Когда на минуту смолкает густой, ворчащий бас переднего края, люди слышат над своими головами знакомое курлыканье журавлей, отлетающих в теплые края. В эту осень, как и год тому назад, особенно тревожна их осенняя прощальная песня. До неузнаваемости изменилась земля, медленно плывущая под легкими журавлиным крыльями. Поредели рощи, изувеченные снарядами и бомбами. Бесприютностью запустения веет от полей, заполоненных буйными джунглями бурого сорняка. И на десятки километров кругом, доколе достает зоркий птичий глаз, на желтых нитках дорог лежат под пеплом угрюмые печища сожженных деревень. Ни дома, ни сарая. Ни бани, ни житницы. Холодный северный ветер гудит меж черными ветвями мертвых деревьев.

Под серым холодным пеплом лежит искони русская, тверская земля, оскверненная, попранная стопой гитлеровских орд. Они еще недавно бесчинствовали здесь, эти жадные до крови, глумливые, ненавистные пришельцы. Долгих десять месяцев звучала на этих посадах чужая речь. Еще совсем недавно по этим дорогам немецкие автоматчики в темнозеленых касках, похожих на чугунные котлы, гнали в полон, в Германию, плачущих русских женщин и девушек.

Совсем недавно… Кажется, что на зеленых листочках подорожника, на широких зонтах лопуха еще не обсохли горькие слезы полонянок. Семьсот лет минуло со времен батыева нашествия. Мир изменился, люди изменились. Впервые на этой земле за себя, за дедов, за прадедов своих, они взглянули в будущее ясным, светлым взглядом строителей человеческого счастья. Люди разучились сгибать спину перед злой волей… Читая книги о нашествиях диких завоевателей, они представляли прошлое, как страшную сказку, как безвозвратно ушедший кошмар.

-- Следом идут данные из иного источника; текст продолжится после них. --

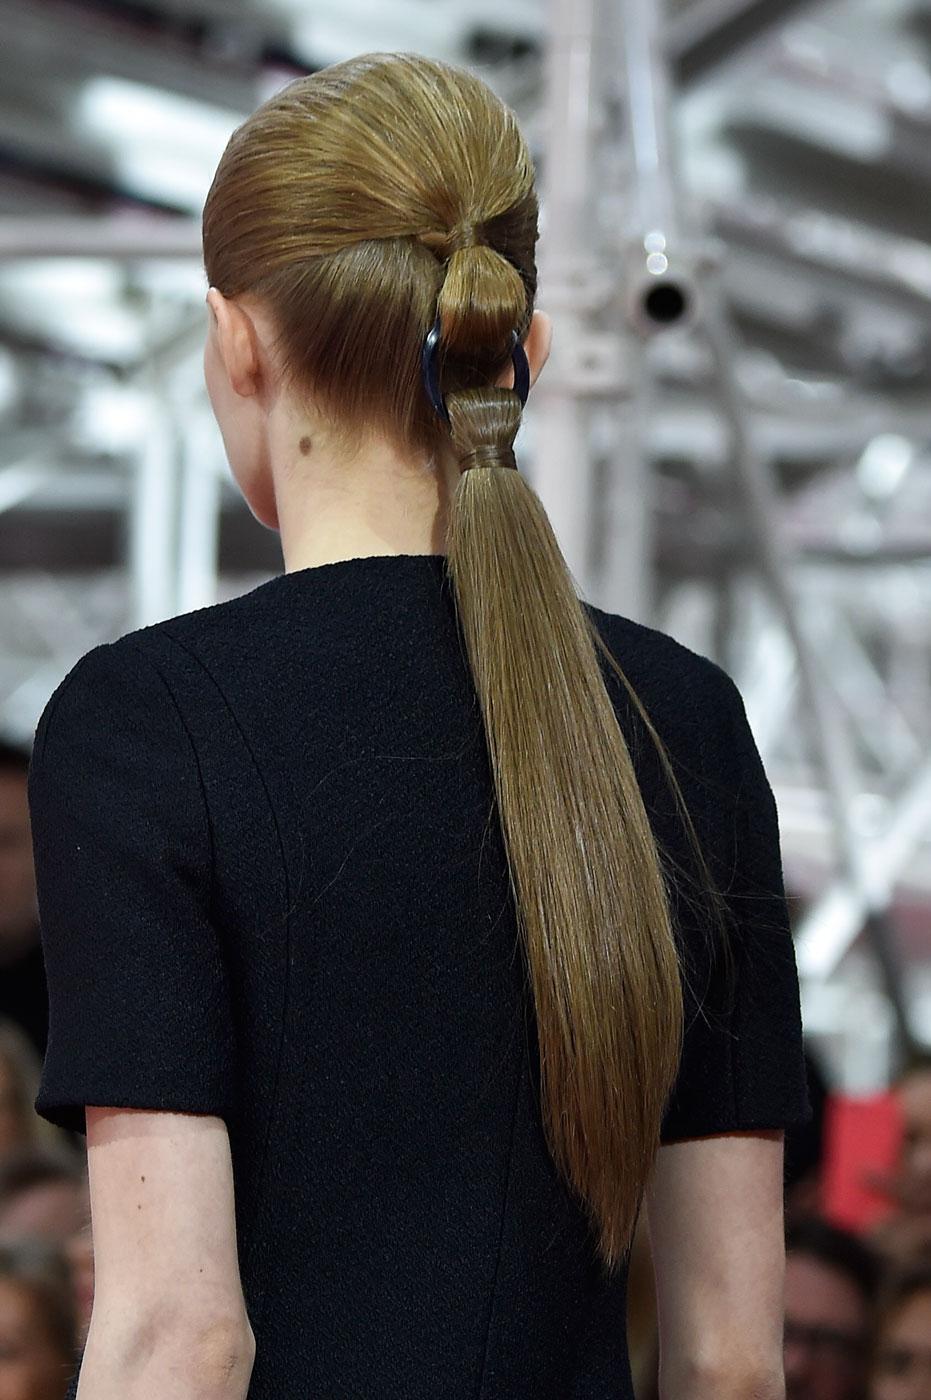 Christian-Dior-fashion-runway-show-close-ups-haute-couture-paris-spring-summer-2015-the-impression-034

В сентябре прошлого года эта страшная сказка повторилась. Немецкая неволя оказалась страшнее монгольской. Русские люди, от четырехлетнего мальчика Жени Грушко до восьмидесятилетнего Харитона Ермиловича Затылкина, будут до смертного часа помнить эти десять месяцев немецкого ига.

Недаром пожилая колхозница, вернувшаяся из-под Старицы на свое пепелище в деревню Плотниково, поднимая кулаки вслед летящему между облаков «Мессершмитту», кричала охрипшим от причитаний голосом:

- Долетаешься, долетаешься, проклятый! Поймают тебя, поймают… За все тебе будет, за все!

Несколько дней обходили мы еще не остывшие пепелища подржевских деревень, толковали с теми, кто выжил, пройдя сквозь десятимесячную муку немецкого плена. Люди еще не успели притти в себя. Еще кровоточат незарубцевавшиеся раны сердца. Только обмолвись словом «немец», как все начинают наперебой рассказывать страшное, еще год тому назад казавшееся невероятным.

Группа выдринских колхозников - стариков, старух и молодух - в ожидании наряда на работы толпится у дома правления колхоза. При помощи красноармейцев убрали зерновые. Теперь надо торопиться до дождей обмолотить - сдать государству, получить на трудодни… Лица у людей бледные, со следами недавно исчезнувших голодных отеков. Наперебой рассказывают, каков он, немецкий «новый порядок».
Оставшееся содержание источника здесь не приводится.